Respiration begins with glucose entering the glycolysis cycle (in the cytoplasm of the cell), where it is broken down through a series of reactions into pyruvate. Pyruvate undergoes oxidation (now in the matrix of the mitochondria), and is bonded to CoA, forming Acetyl CoA (CoA = Coenzyme A). Acetyl CoA is used in the Krebs cycle and is oxidized, releasing electrons to NADH and FADH2. These reduced molecules are then used in the electron transport chain (ETC), where they pass their electrons to protein complexes in the mitochondria's membrane. These proteins are channels for hydrogen ions (protons). When these channels open protons flow through to the other side of the membrane. A gradient is then created and this causes the protons to flow through another enzyme complex called ATP synthase. This enzyme is somewhat like a turbine, and using the proton gradient creates ATP. The protons then bind to oxygen molecules and pick up an electron, making water, one of the by products of cellular aerobic respiration. CO2 is also a by-product, through decarboxylation (removal of carbon, along with an oxygen molecule - in this case (CO2)) during pyruvate oxidation, and the Krebs Cycle.

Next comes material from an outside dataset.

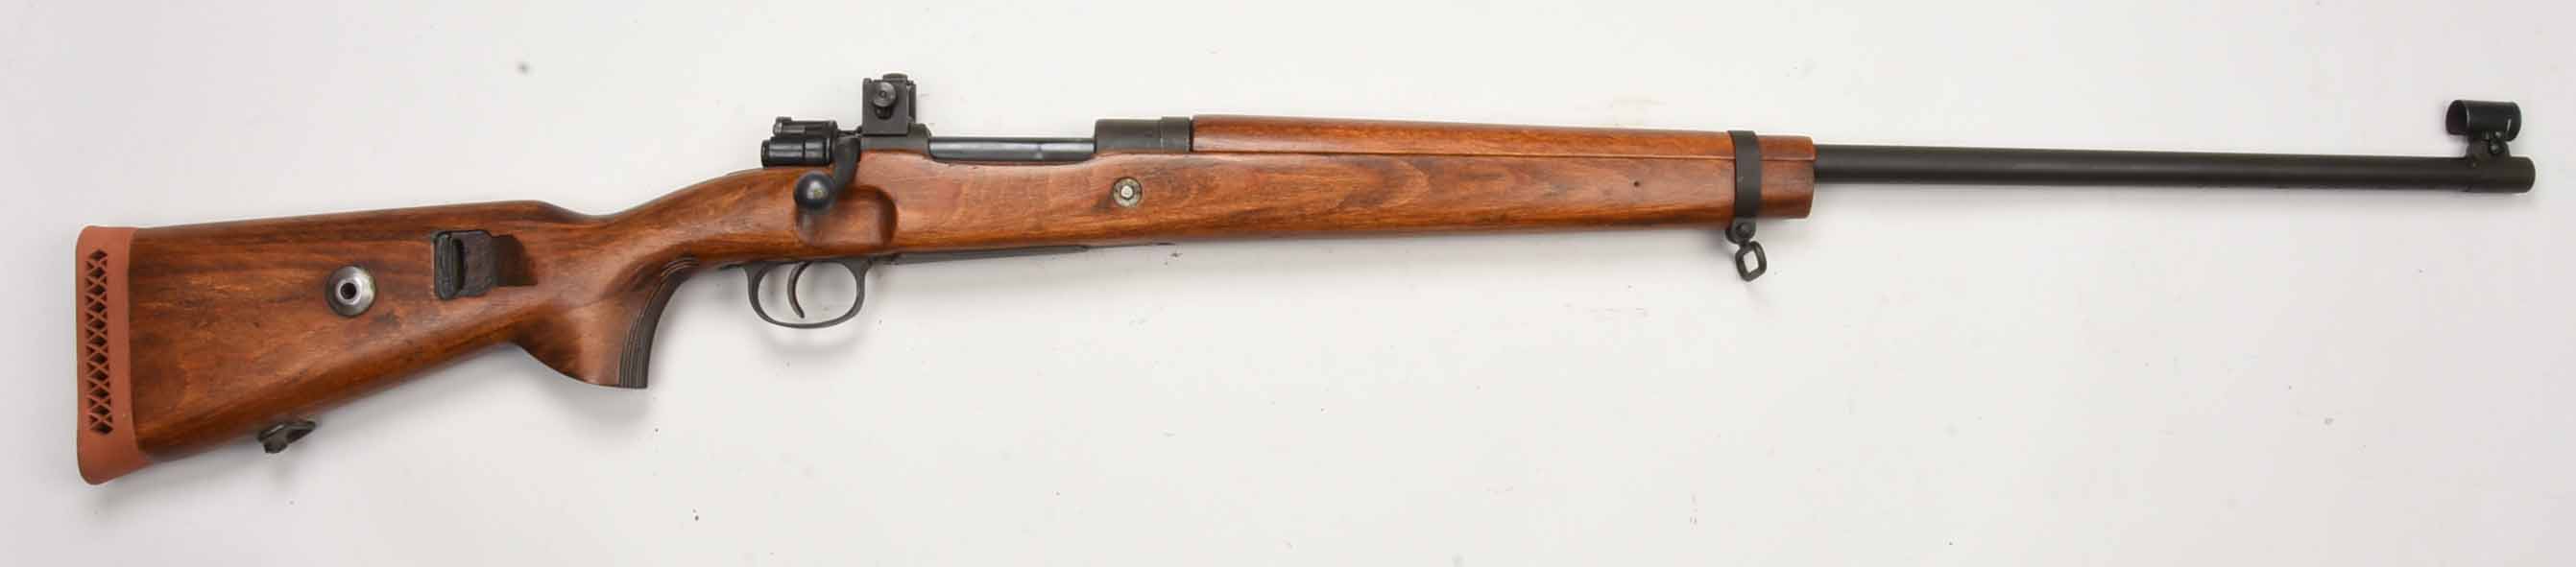 ./guns/rifle/bilder/Rifle-Kongsberg-Mauser-M64-8892-1.jpg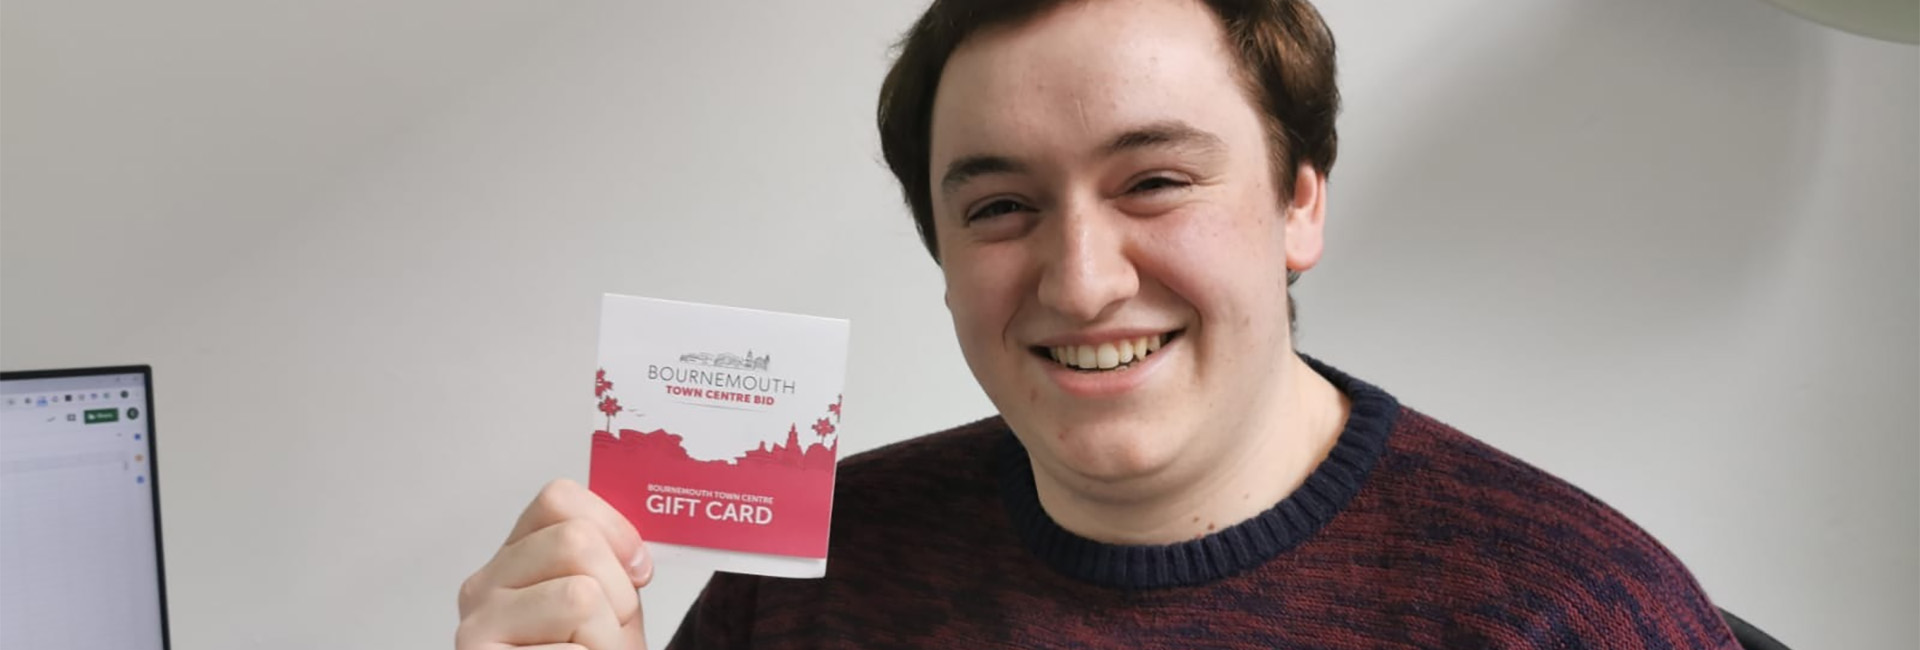 Digital Storm adopt the Bournemouth Town Centre BID’s new gift card in new staff bonus scheme

Photosynthesis on the other hand converts photons to ATP through the light dependent reactions within the chloroplasts, via use of photosystems. Water gives up an electron to a photosystem which becomes excited when hit by photons. This excited electron is passed along a chain on the thyllakoid disk, similar to the membrane of the mitochondria, and used to produce the same product. The excited electron goes to a proton pump, which creates a gradient, and the gradient through diffusion causes protons to goes through another enzyme, similar to ATP synthase. The electrons are then picked up by NADPH, similar to NADH and FADH2 in animal cells. These molecules are then used in the light independent reactions - Calvin Cycle. In which CO2 is converted into glucose through introduction of ATP and NADPH.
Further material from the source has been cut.